En 2011 a eu lieu en Inde un recensement d’une envergure exceptionnelle. 2,5 millions de personnes ont été mobilisées pour recueillir les données de plus de 1,2 milliard de personnes.

En ce qui concerne notre sujet, l’enjeu principal a été de savoir s’il fallait demander aux personnes quelle était leur caste. D’un côté, connaître les répartitions démographiques des castes permet de mieux les appréhender. D’un autre, les personnes se retrouvent figées dans une identité dont on essaye de combattre la source.

Les militants contre la question de la caste dans le recensement de 2011 avaient plusieurs arguments. Ils avançaient les difficultés logistiques ou la crainte que les données soient reprises à des fins politiques. Ils expliquaient que cela était difficile de demander la caste des personnes car, à la question « de quelle caste faites-vous partie ? », il y a plusieurs réponses qui varient selon l’interlocuteur et le contexte. D’autre part, demander la caste serait un retour en arrière.

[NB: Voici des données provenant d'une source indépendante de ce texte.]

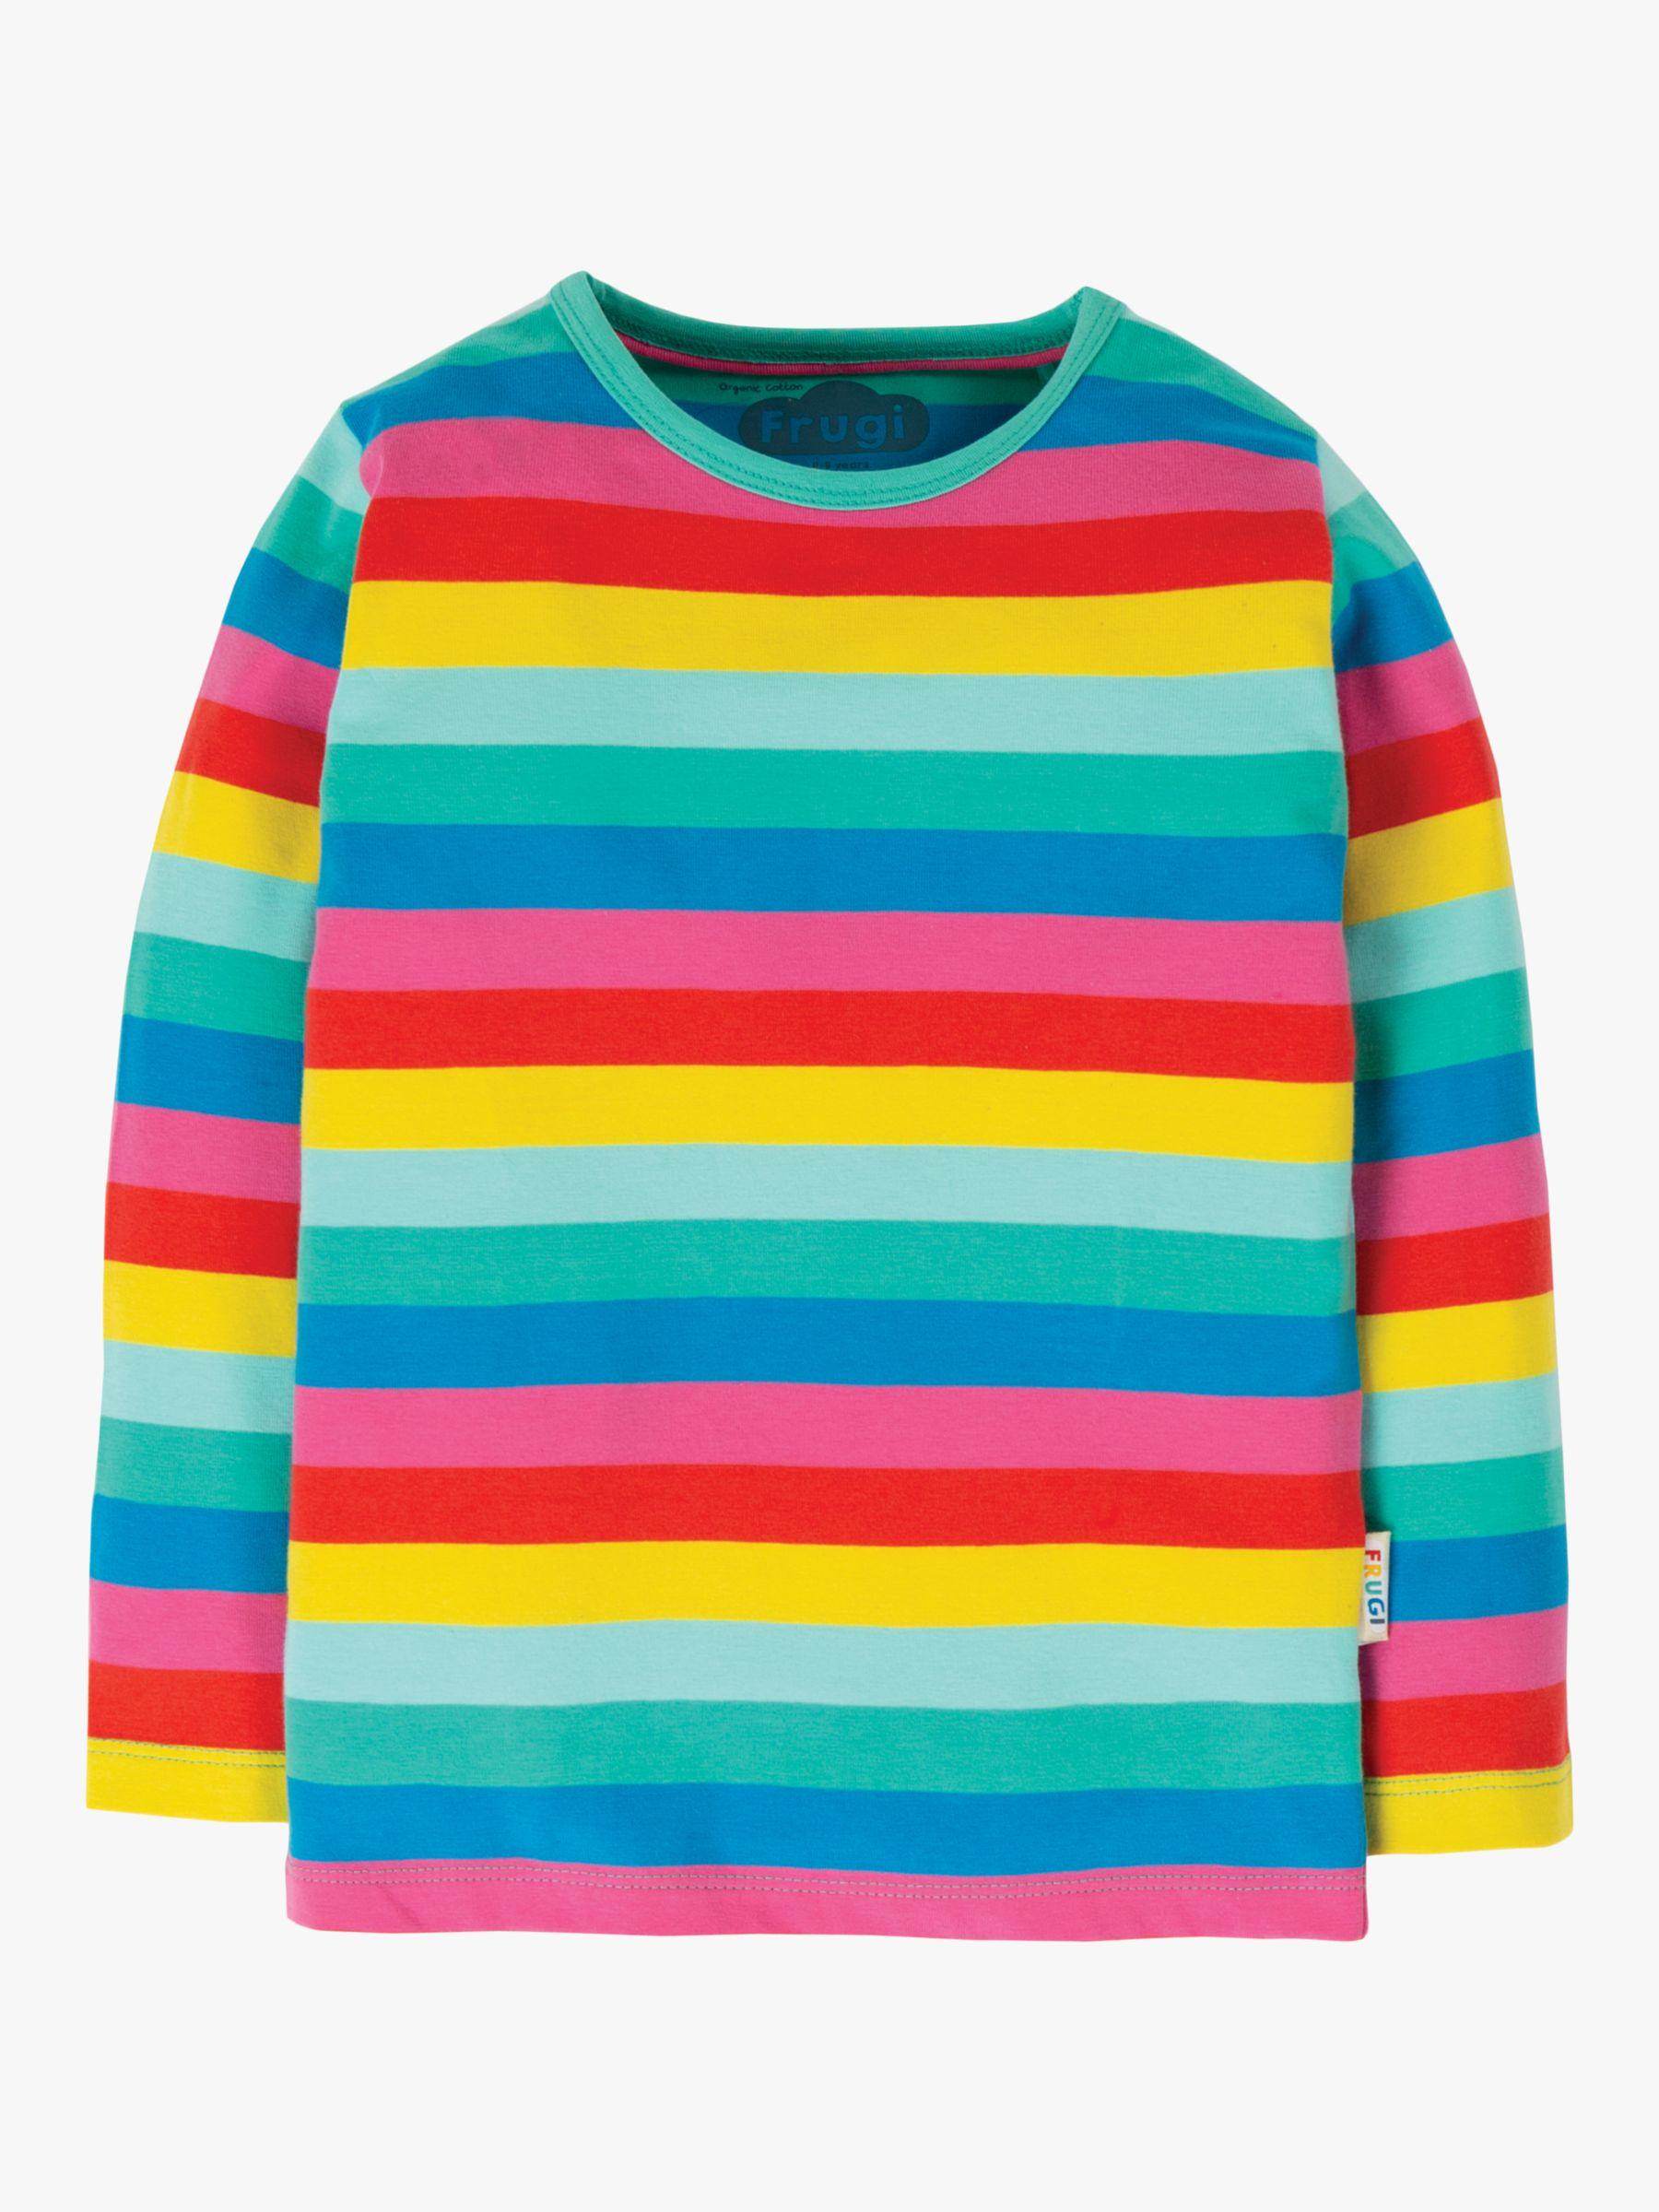 Frugi Frugi Children's GOTS Organic Cotton Long Sleeve Rainbow Top, Multi

Pourquoi demander la caste des personnes alors qu’on essaye de la nier ? Le dernier recensement avec cette question était en 1931 par les colons anglais et depuis, la question n’avait pas été abordée de nouveau.

On leur a répondu qu’il fallait arrêter de se voiler la face : les castes existent et cela ne mènerait à rien de faire semblant de ne pas les voir.

Il a finalement été décidé de demander le nom de la caste des personnes.

La personne opérant le recensement est souvent un instituteur ou une personne proche des gens qu’elle interroge, ce qui assure une certaine validité des données dans le cadre local.